Сеттимио Арки сумел отыскать место, где монтировать фильм, — у очередного приятеля его приятеля была рекламная студия, и после семи вечера Марко получал в свое распоряжение монтажный стол. Рассказал мне об этом по телефону сам Сеттимио, потому что с Марко мы не созванивались уже довольно давно; вдобавок он нашел полубезработного монтажера, который, по его словам, был ему чем-то обязан и мог ночами по нескольку часов работать с Марко даже бесплатно, по крайней мере поначалу. У Сеттимио появились интонации бывалого продюсера; он сказал:

— Ты бы заскочил к нему, Ливио. Черт возьми, надо же поддержать парня.

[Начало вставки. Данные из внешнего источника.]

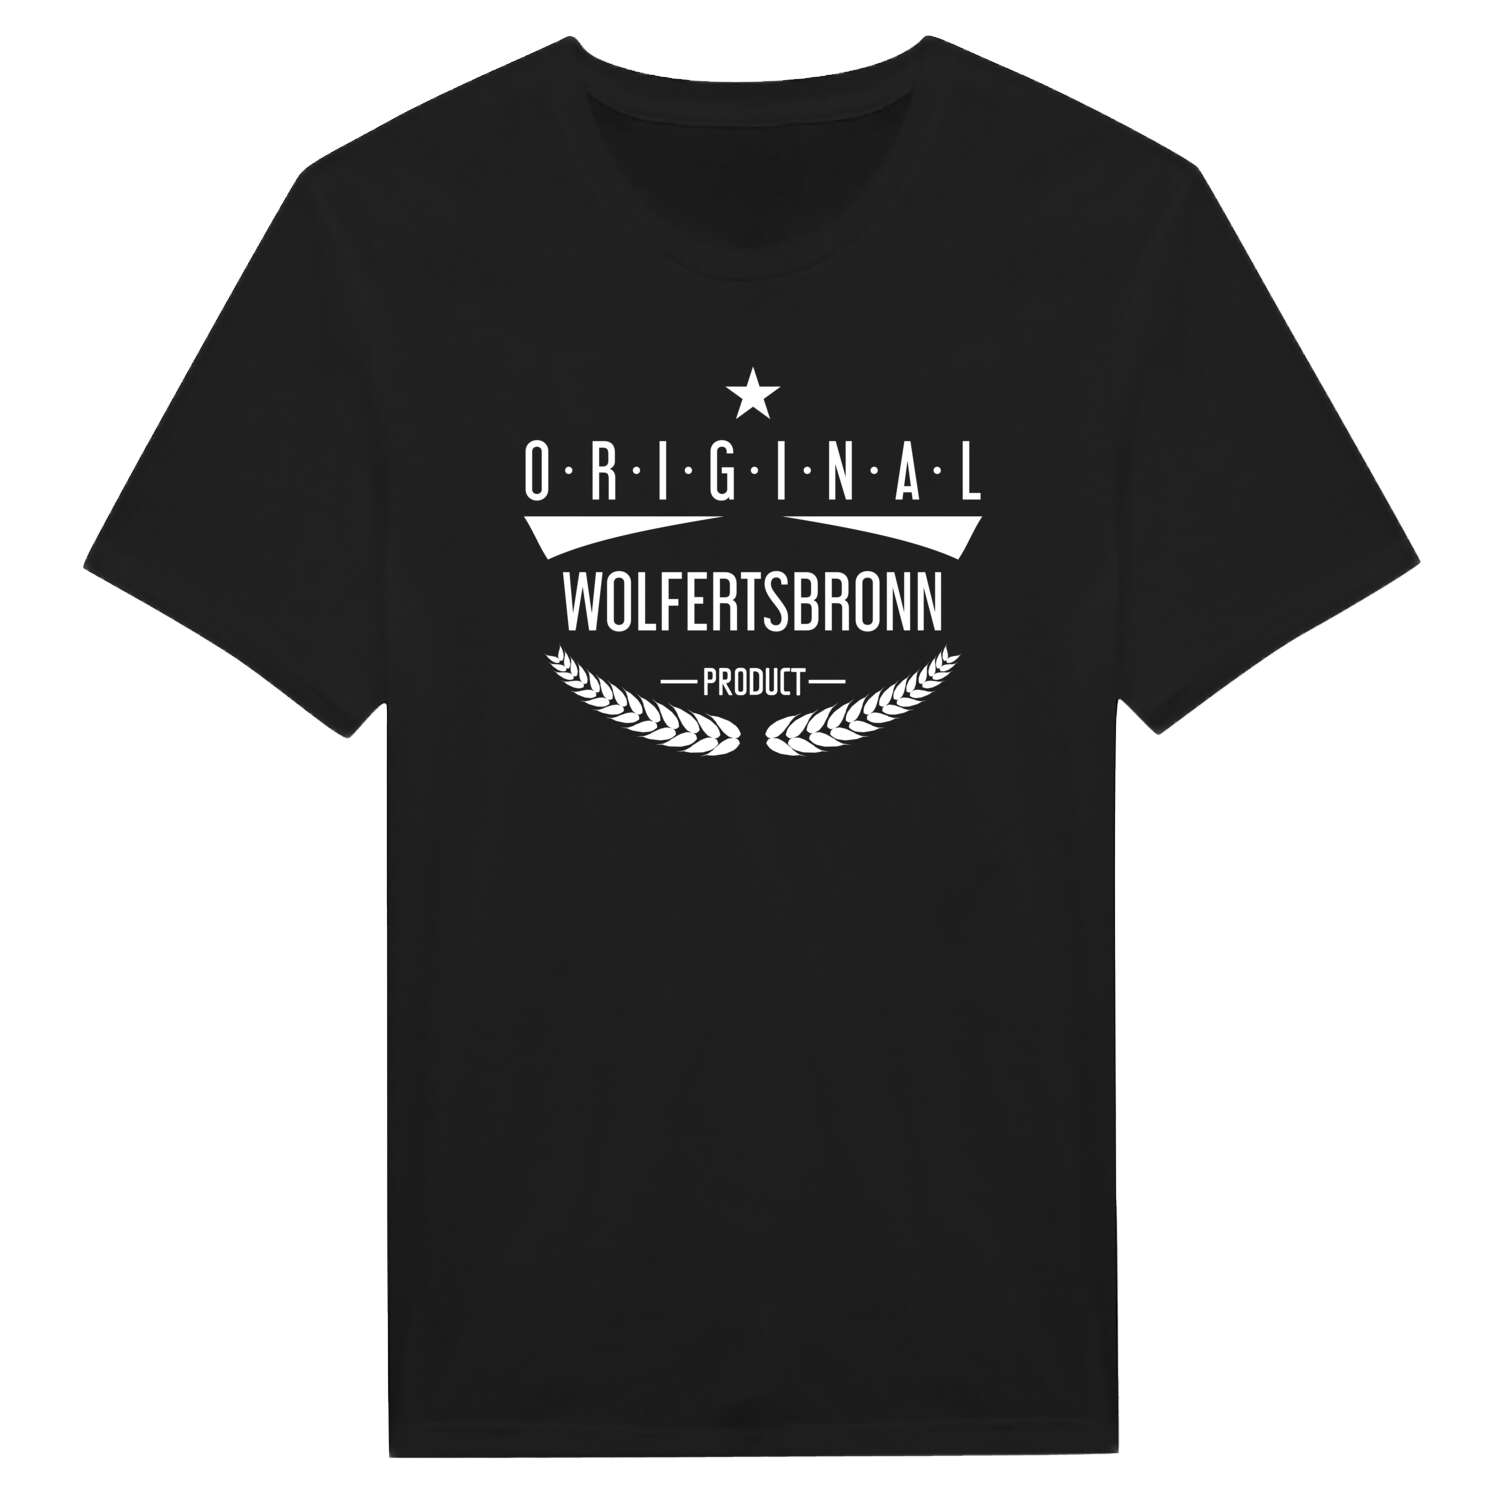 Wolfertsbronn T-Shirt »Original Product«

Около девяти вечера мы вместе отправились к Марко в полуподвал, где он провел взаперти последние четыре ночи. В комнате было темно, Марко сидел у железного стола, курил, кашлял и сосредоточенно наблюдал за руками монтажера — парня с квадратной головой, прогонявшего перед ним туда и обратно кадры из его фильма. Мое появление его, кажется, обрадовало: он подошел ко мне, обнял, сказал:

— Черт, как здорово, что ты пришел!

Выглядел он еще более напряженным и усталым, чем на съемках, когда я видел его последний раз: темные круги под глазами, замедленные движения. Он поискал мне стул, но так нетерпеливо, что препоручил это дело Сеттимио, а сам сказал мне:

— Иди сюда, иди сюда скорей.

Пепел падал ему на рубашку, он никогда не был курильщиком — не знал даже, как держать сигарету.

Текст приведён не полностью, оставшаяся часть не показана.